The game was fun and I would definitely play again unders similar circumstances (one age or a reasonable time limit). I do not forsee having the stamina or interest to play a game running through all seven ages.
The game producers made some decisions that I would have made differently
were it my call.
First off, physically the game is put together badly. The board is very flimsy (glorified paper); I think we'll need to mount it on pieces of posterboard (or similar) before playing again. It wasn't lying flat due to the folds and it was way too easy to bump with unfortunate effects. The board is also huge; it occupied most of our dining-room table, meaning that we needed to use supplementary tray tables and chairs to hold the myriad small units.

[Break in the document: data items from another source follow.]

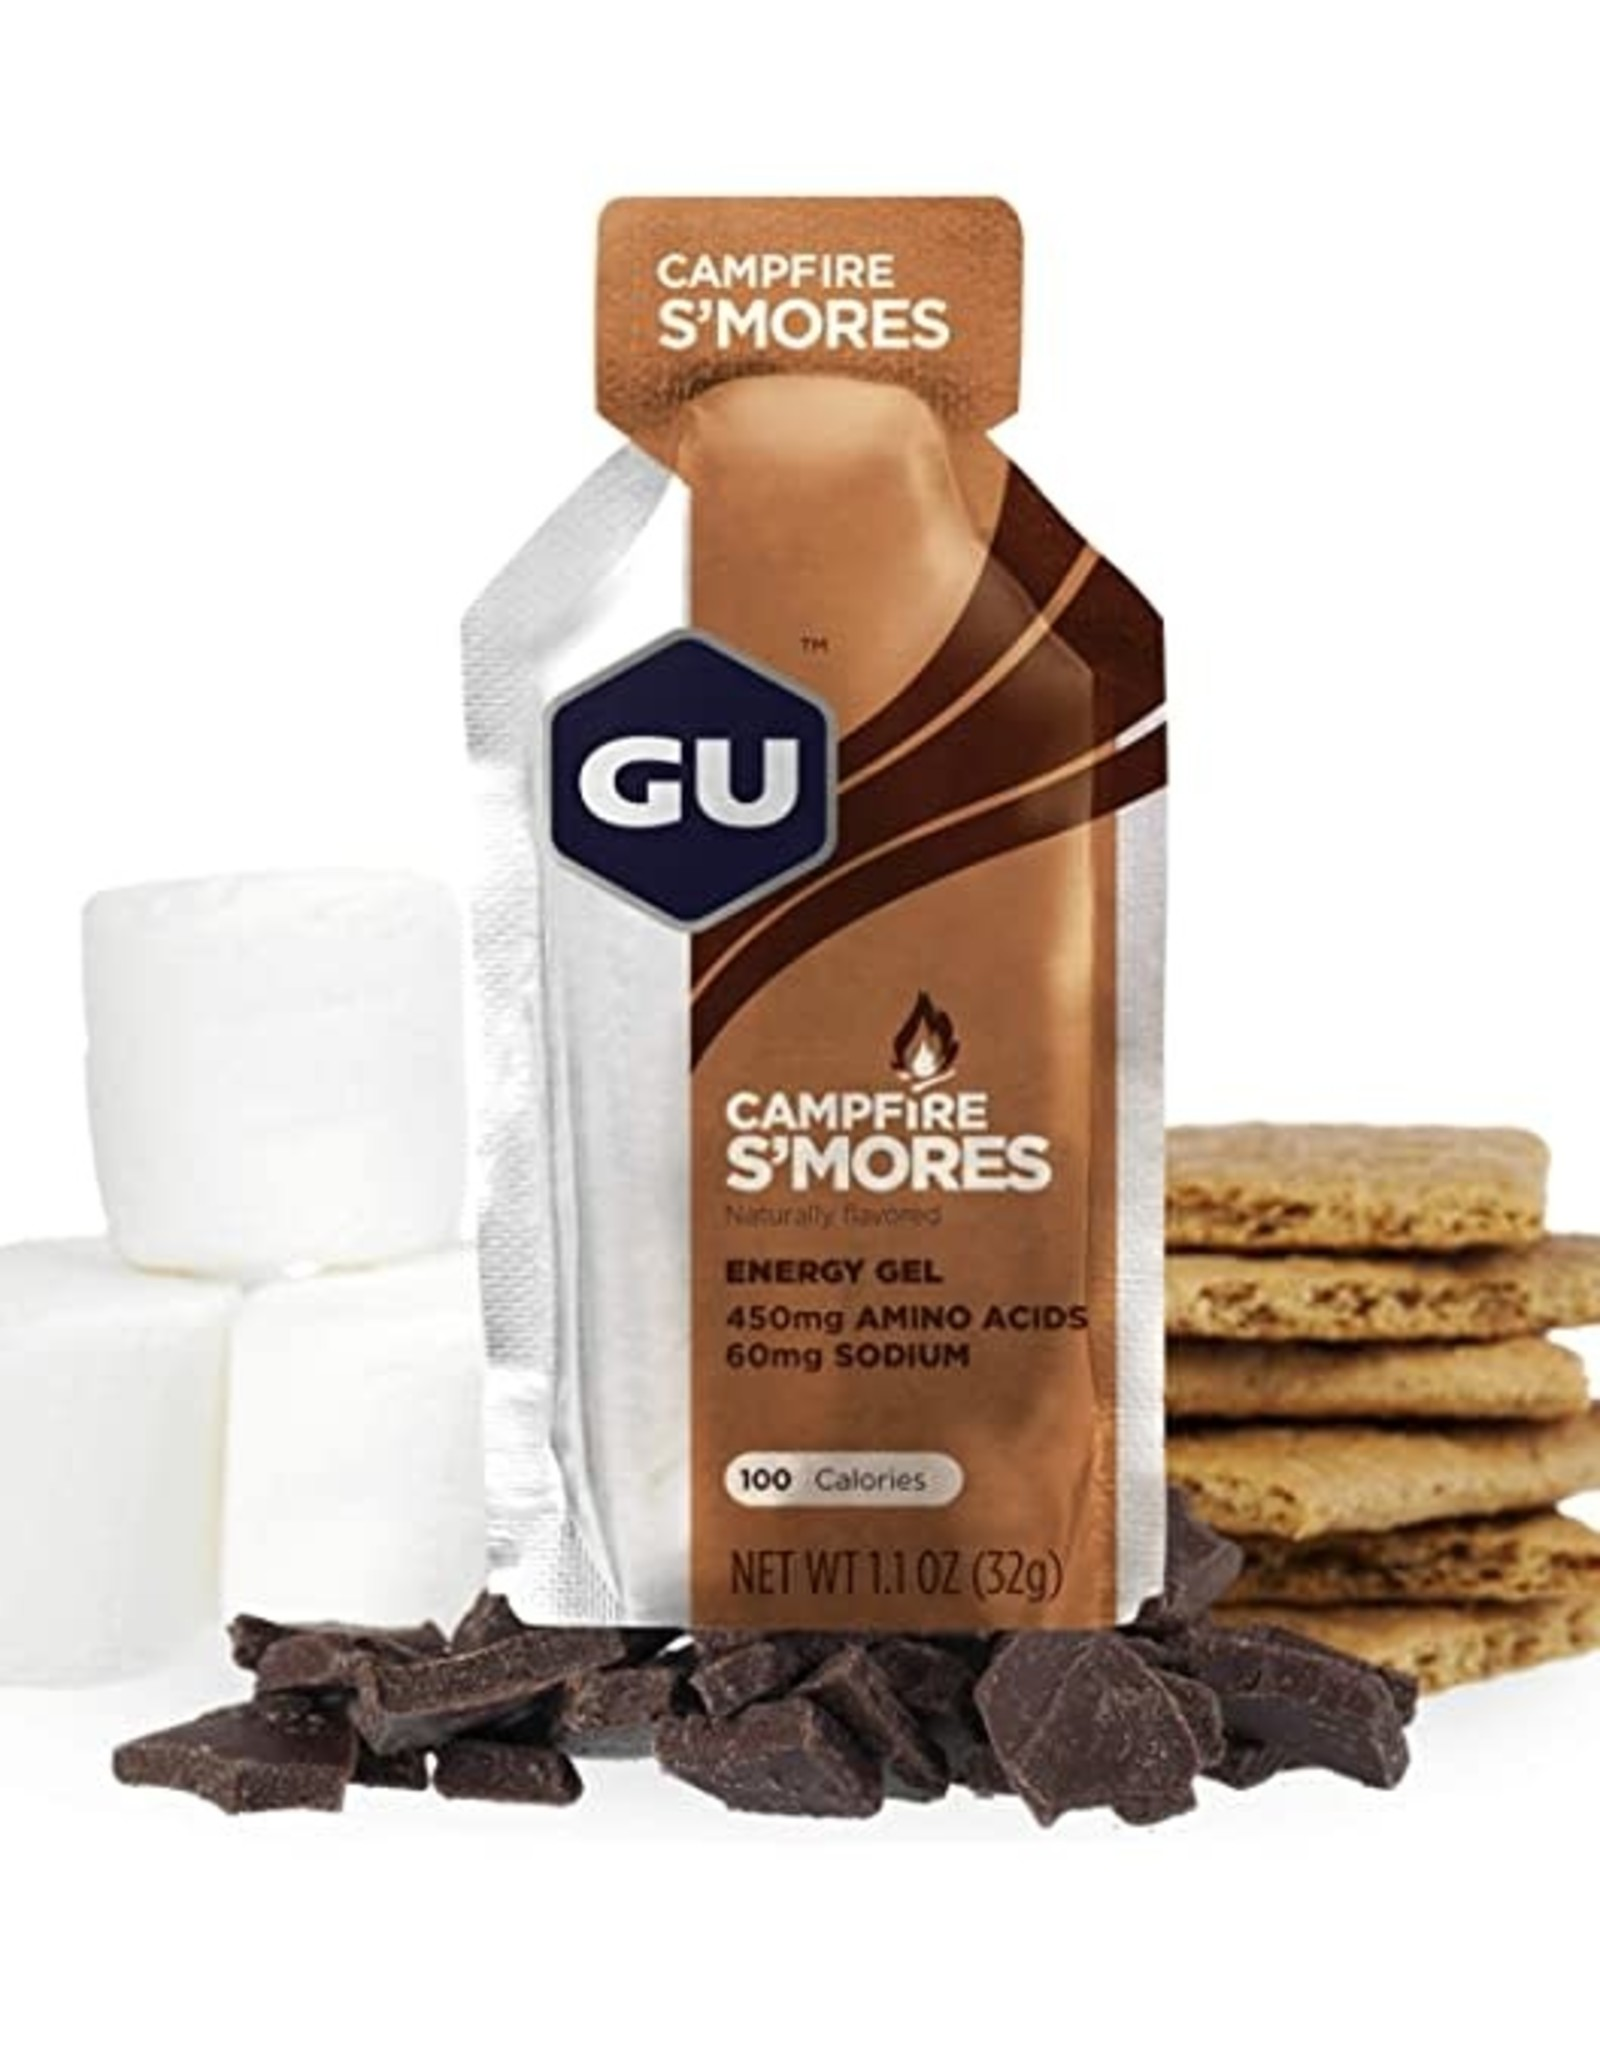 GU Energy Labs GU Campfire S'Mores Gel Box of 24 single
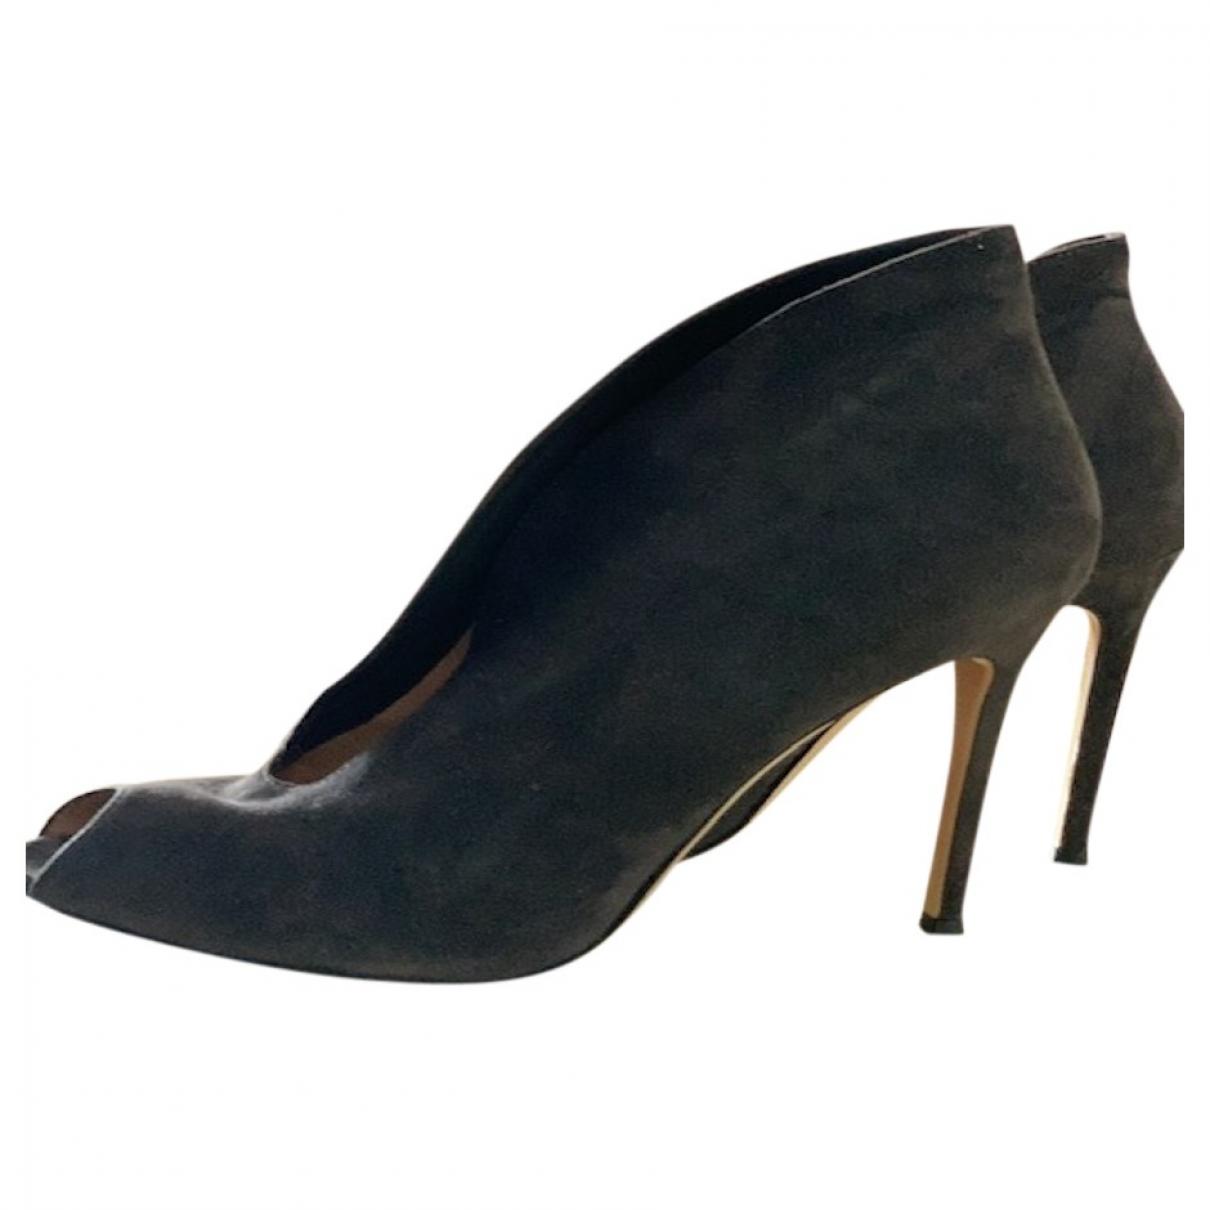 Gianvito Rossi \N Grey Suede Heels for Women 38 EU
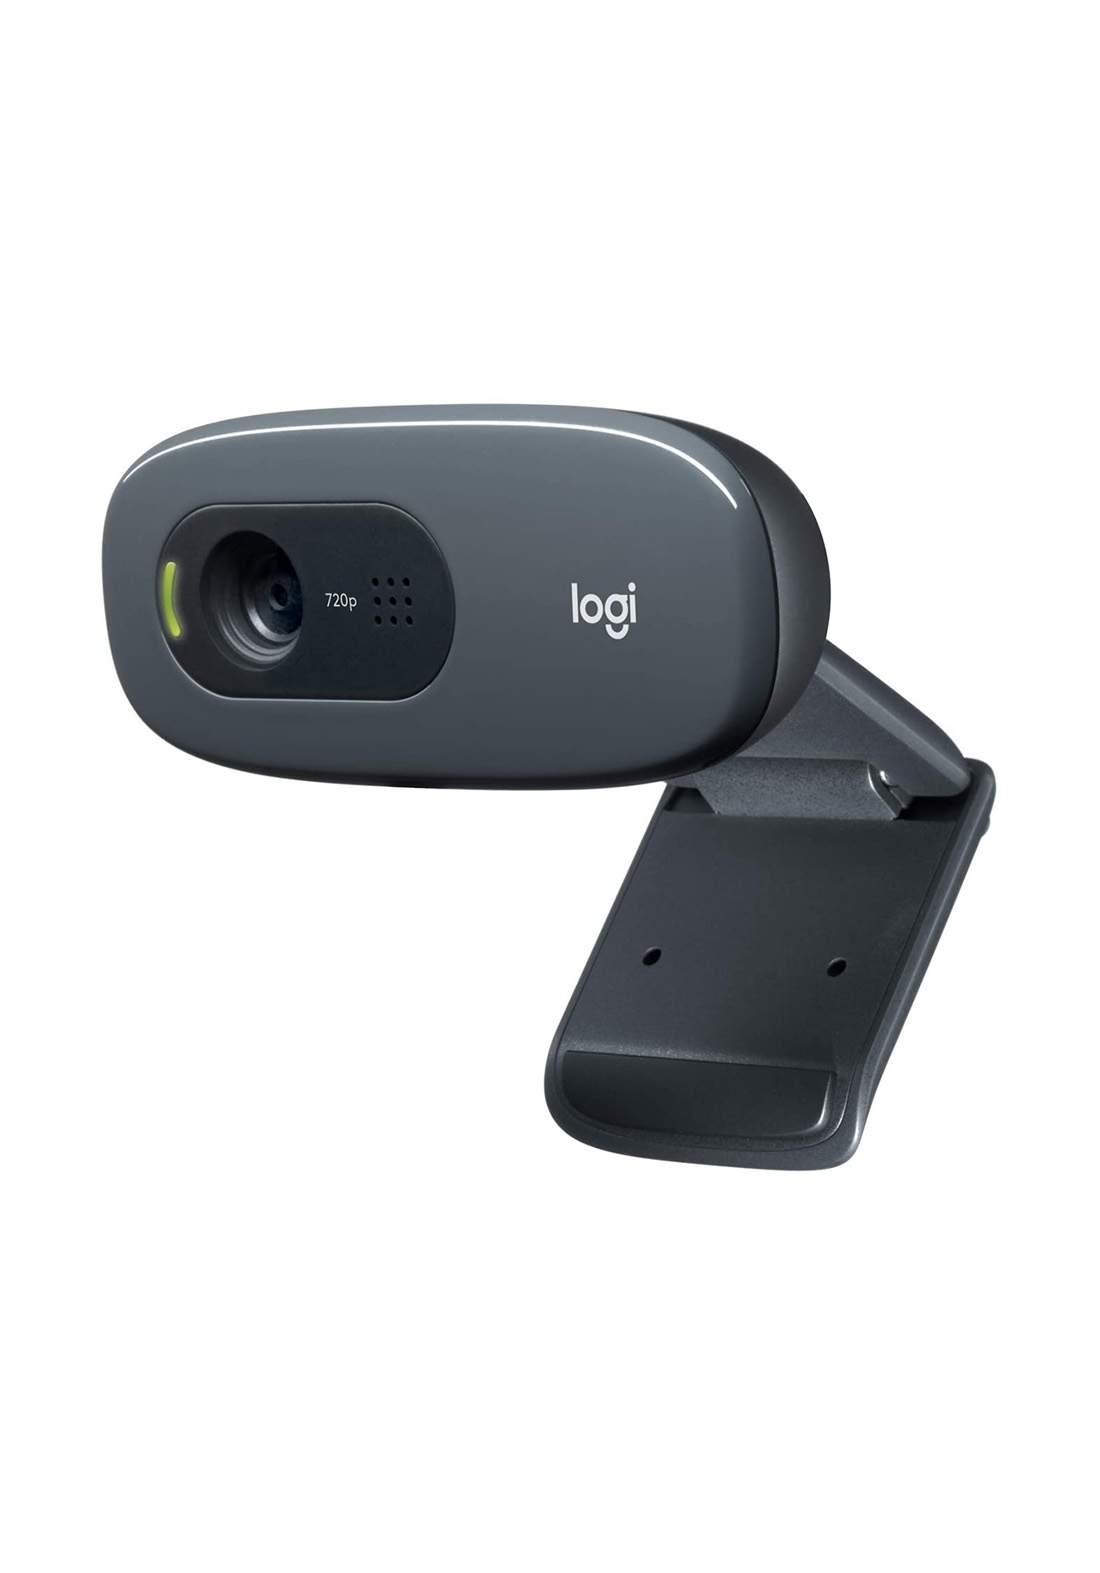 Logitech C270 Desktop or Laptop HD 720p Widescreen Webcam - Black  كاميرا

You also have to be very careful when punching out the bazillions of cardboard pieces. We had a few that peeled apart in the process and had to be glued.
The art on some of the pieces is hard to understand. Fortunately, pieces are also numbered and you eventually learn that spearmen are 1s and archers are 3s and chariots are 8s and so on. (These numbers, by the way, specify your minimum position on the progress chart before you can bring them in. So if the game starts at age 2 (position 8) and your empire starts at -5, you're kind of limited. You always get spearmen and archers, though.)
The game has some unnecessary "variation for the sake of variation". Each of the 15 sets of playing pieces contains a slightly different mix of unit types. You always play the same pieces (once you start), though, so it's not like you can choose the chariot-heavy group for Egypt and then switch to the boat-heavy group for the Vikings and so on. We chose colors randomly, but I assume that people who play a lot would learn which colors have what make-ups and play accordingly. This adds nothing positive to the game in my opinion.
We found ourselves having to consult multi-page cheat sheets several times per round. These were cheat sheets that Dani printed out from somewhere; they didn't come with the game. Perhaps some better playing aids could have alleviated some of this need.
On the positive side, the rules, while long and sometimes too complicated, were not hard to understand. We did not find ourselves having to guess about what was meant.